Since the first studies on dogs by William Harvey in the 17th century, the use of canine models in the field of cardiovascular research has been developed. Because of their moderate size —between 10 and 30 kg — and their docile character, dogs have become appropriate animal models to work with. Compared with other large animals, their thinner skin makes implantation of catheters easier, and allows convenient imaging. In addition, the advantage of dogs in TEHV studies is the lower risk of post-operative infection.28 However, obtaining and maintenance of dog models are notably more expensive than small animal models, which should be taken into consideration when long-term studies are designed. Although Institutional Animal Care and Use Committee guidelines vary from agency to agency, the use of dogs as animal models is often difficult to obtain approval compared with other large animal models. In addition, the number of animals that can be used is limited, even though the use of dogs is reasonable and appropriately approved. These issues should be considered by reviewing specific institutional policies before designing studies.50

Due to the restrictions above, developing studies for the assessment of TEHVs implanted in dogs is extraordinarily hard. Iwai and colleagues51 tested the functionality of decellularised porcine pulmonary valves in dogs for 6 months. Left anterolateral thoracotomy and normothermic CPB were performed for the implantation. Echocardiography demonstrated that the functionality of the grafts was good, without thickening of the leaflets, regurgitation or thrombosis. Spontaneous re-endothelialisation of the leaflet surface was observed through haematoxylin and eosin staining, confirming regeneration of the structure.51 Nevertheless, the size of dogs and their hearts impose restrictions on further use.

Non-human primates

Due to their similarity to humans in terms of genome, cardiovascular anatomy and physiology, NHPs are considered to be attractive animal models for preclinical research to simulate many diseases such as enteric viral infection,52 human immunodeficiency virus vaccine,53 multiple sclerosis,54 and myocardial infarction. Yang et al.52 used NHP models to analyse the effect of induced pluripotent stem cell-derived cardiomyocytes in two-dimensional monolayer and three-dimensional engineered heart tissue. Moreover, NHPs, represented mostly by rhesus monkeys and baboons, have the advantage of an immunological response similar to humans, which makes NHPs a better choice for studies of the biocompatibility of TEHVs in xenograft implantation.55

Baboons have been used as an ideal animal model for assessment of the functionality of TEHVs. During one study in 2013 by Weber et al.30 decellularised PGA scaffold TEHVs were implanted into the pulmonary valve of baboons by minimally-invasive surgery under fluoroscopic guidance, then non-invasive imaging technologies were used to assess the position and in vivo functionality.

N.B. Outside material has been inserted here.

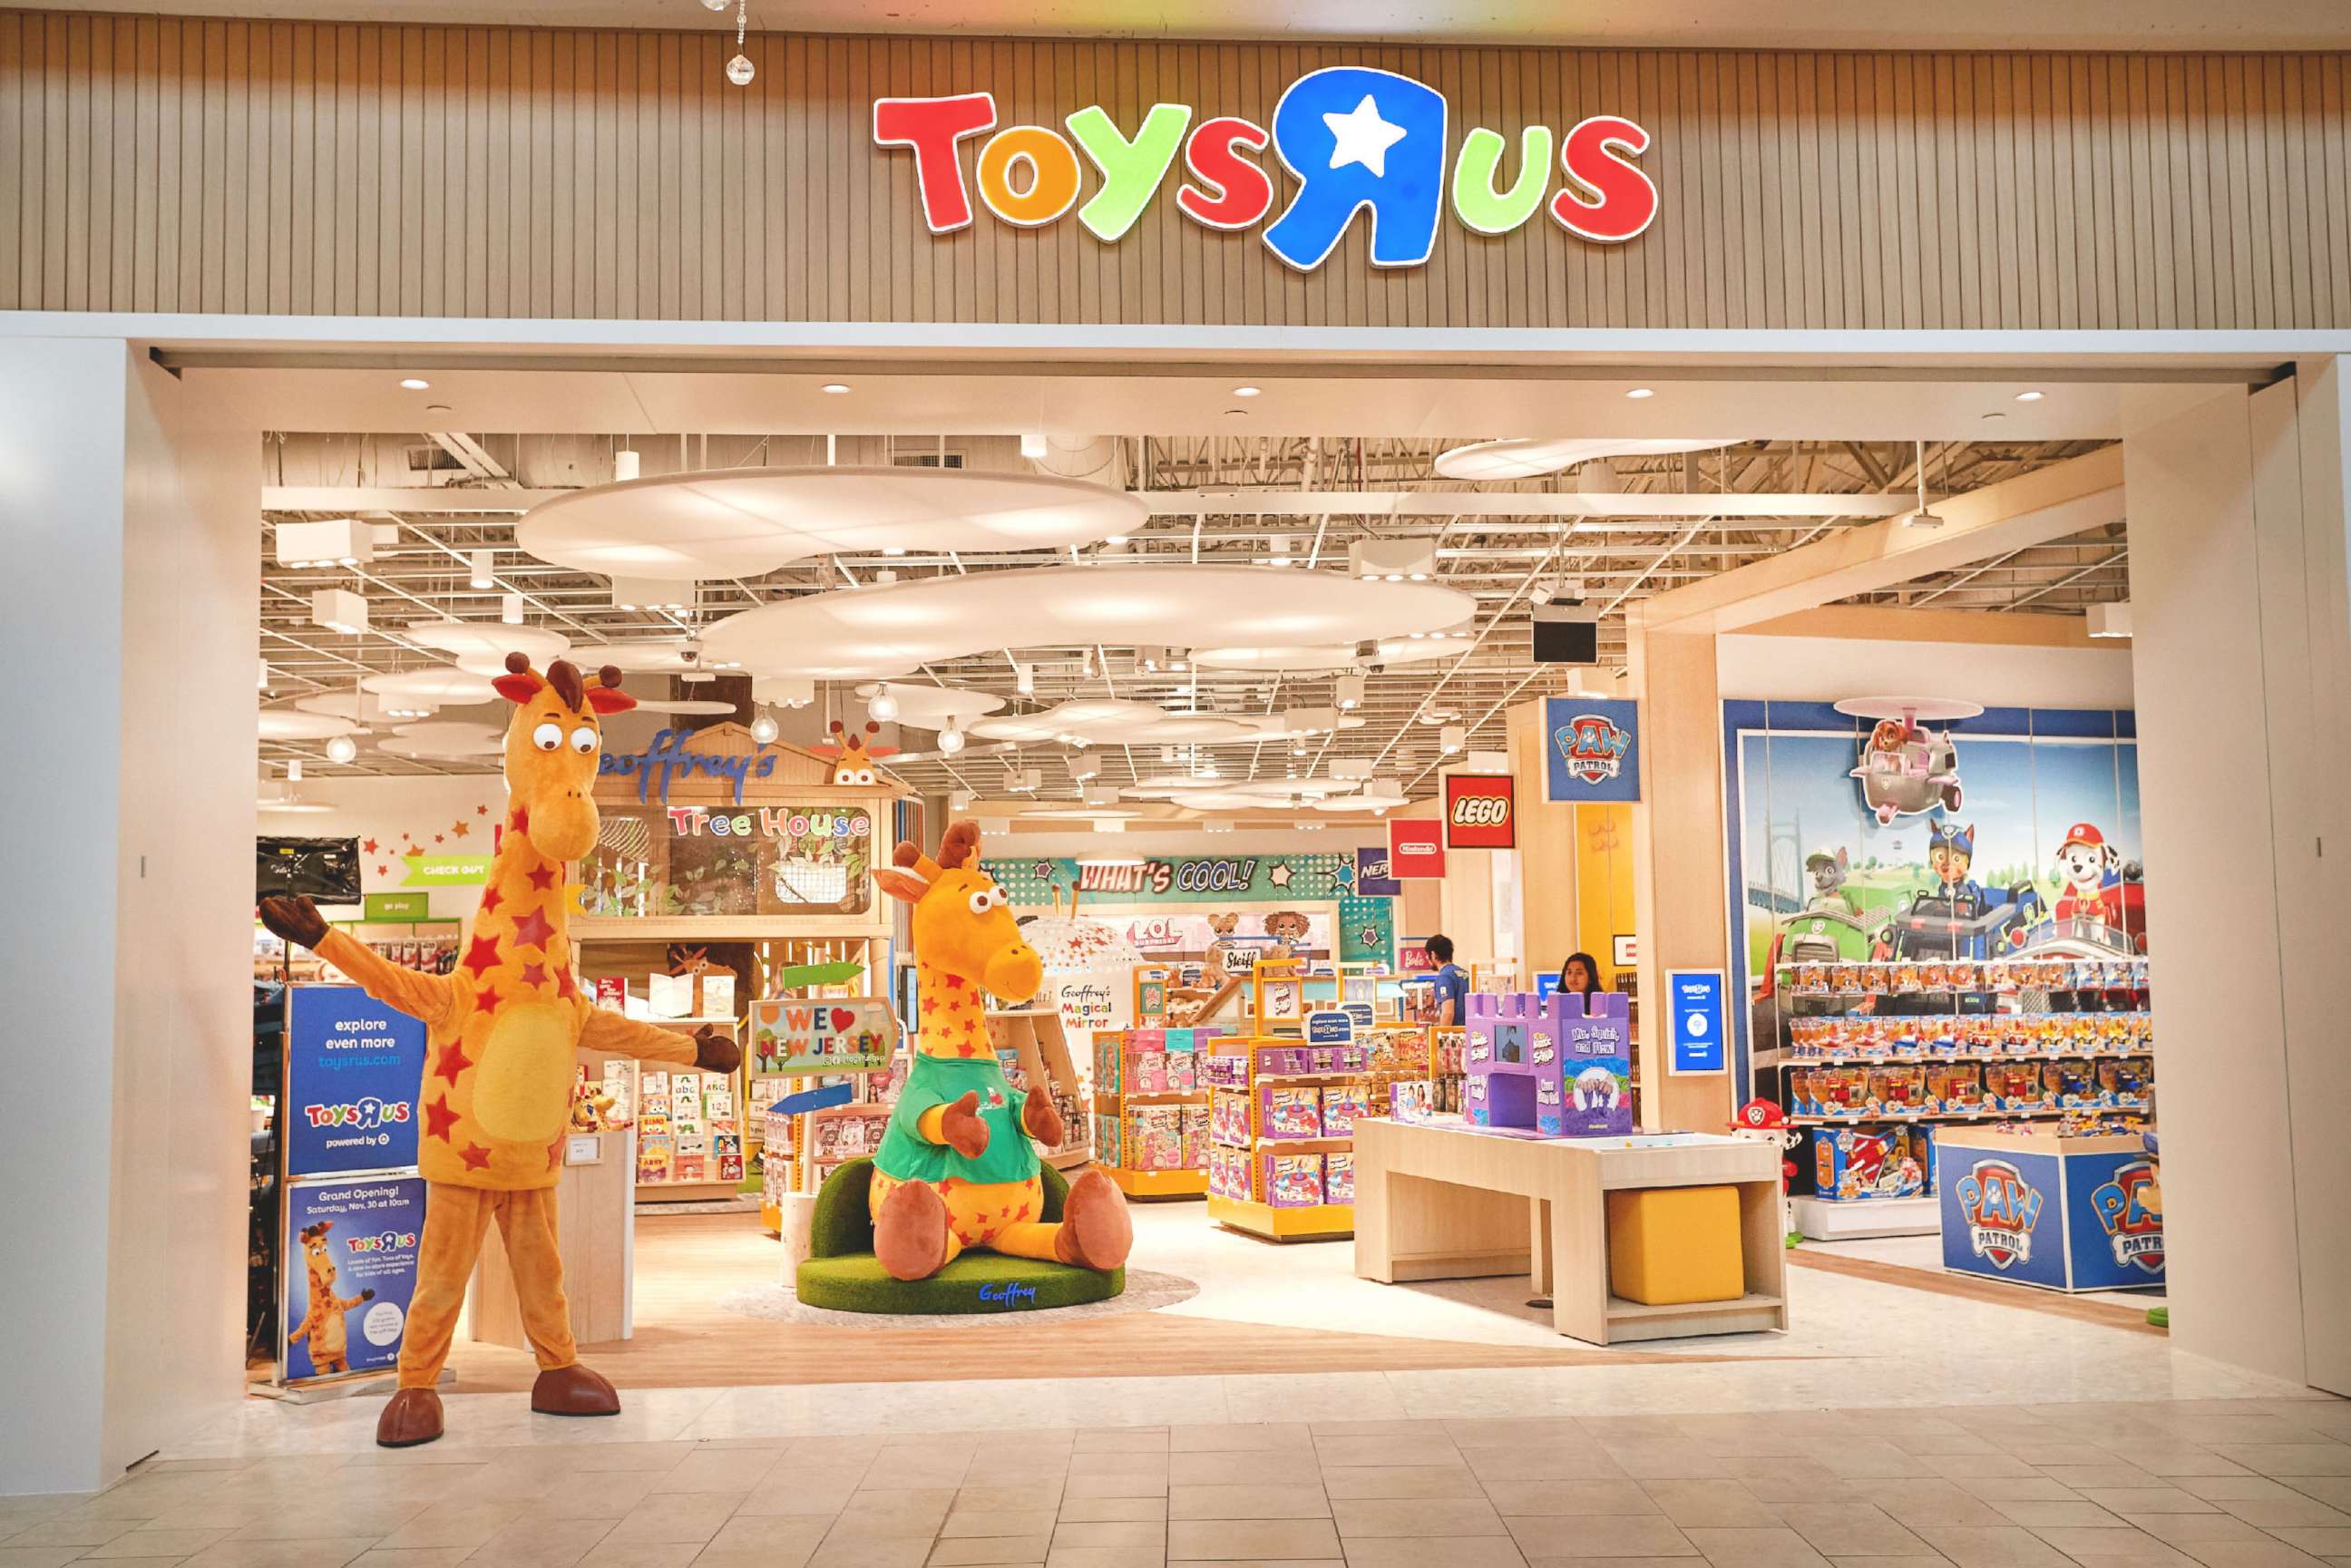 PHOTO: A Toys "R" Us store stands in Westfield Garden State Plaza in Paramus, N.J. The toy store is scheduled to open on Nov. 27, 2019.

The results revealed that the morphology and functionality of the graft were retained for more than 8 weeks. Macroscopic outcomes revealed the initial contraction of leaflets, and no formation of thrombus. Transmission electron microscopy showed re-cellularisation on the surface of the scaffolds. Quantitative DNA analysis showed that cell density was similar to that of natural valves in primates.30 The success of the off-the-shelf decellularised TEHVs in preclinical models provided encouraging evidence that decellularised TEHVs may be a potential clinical alternative. Nevertheless, the ethical considerations and higher cost of purchase and management limit the use of NHPs in studies of TEHVs. On all accounts, small animal models are widely used for their easy approach and economic advantages. The general subdermal approach is used for assessment in chronic immunological response and calcification of TEHV. An ideal immunological response to TEHV subdermal implantation has three periods. In the hyperacute process, protein absorption occurs on the surface of TEHV. Then acute and chronic inflammations occur in turn. In the acute phase, invaded monocytes differentiate into macrophages, an ideal non-immunogenic TEHV will not induce invasion of massive neutrophils. The pro-inflammation M1 subtype is observed in the initial week, then in the chronic period, the macrophages shift towards the anti-inflammation M2 subtype. Eventually, mesenchymal progenitor cells migrate from surrounding tissue, differentiate into valvular interstitial cells, and produce new matrix.56 In conclusion, inflammatory cells infiltration in the acute inflammation period may not mean poor biocompatibility, because the remodelling generally occurs after inchoate inflammation. Nevertheless, pro-inflammation cells found on the graft after months to years mean adverse chronic response, which leads to calcification and failure of TEHVs.

For translational medical research, large animal models are used to confirm the results in small animal models and evaluate the long-term functionality, biocompatibility, and durability. The commonly used large animal models in TEHV studies include sheep, pigs, dogs, and NHP. To determine which model is optimal requires several decisions including the cost, animal welfare, similarity to human cardiac anatomy and physiology, and surgical approach. Here we summarise the advantages and disadvantages of various animal models in Table 2.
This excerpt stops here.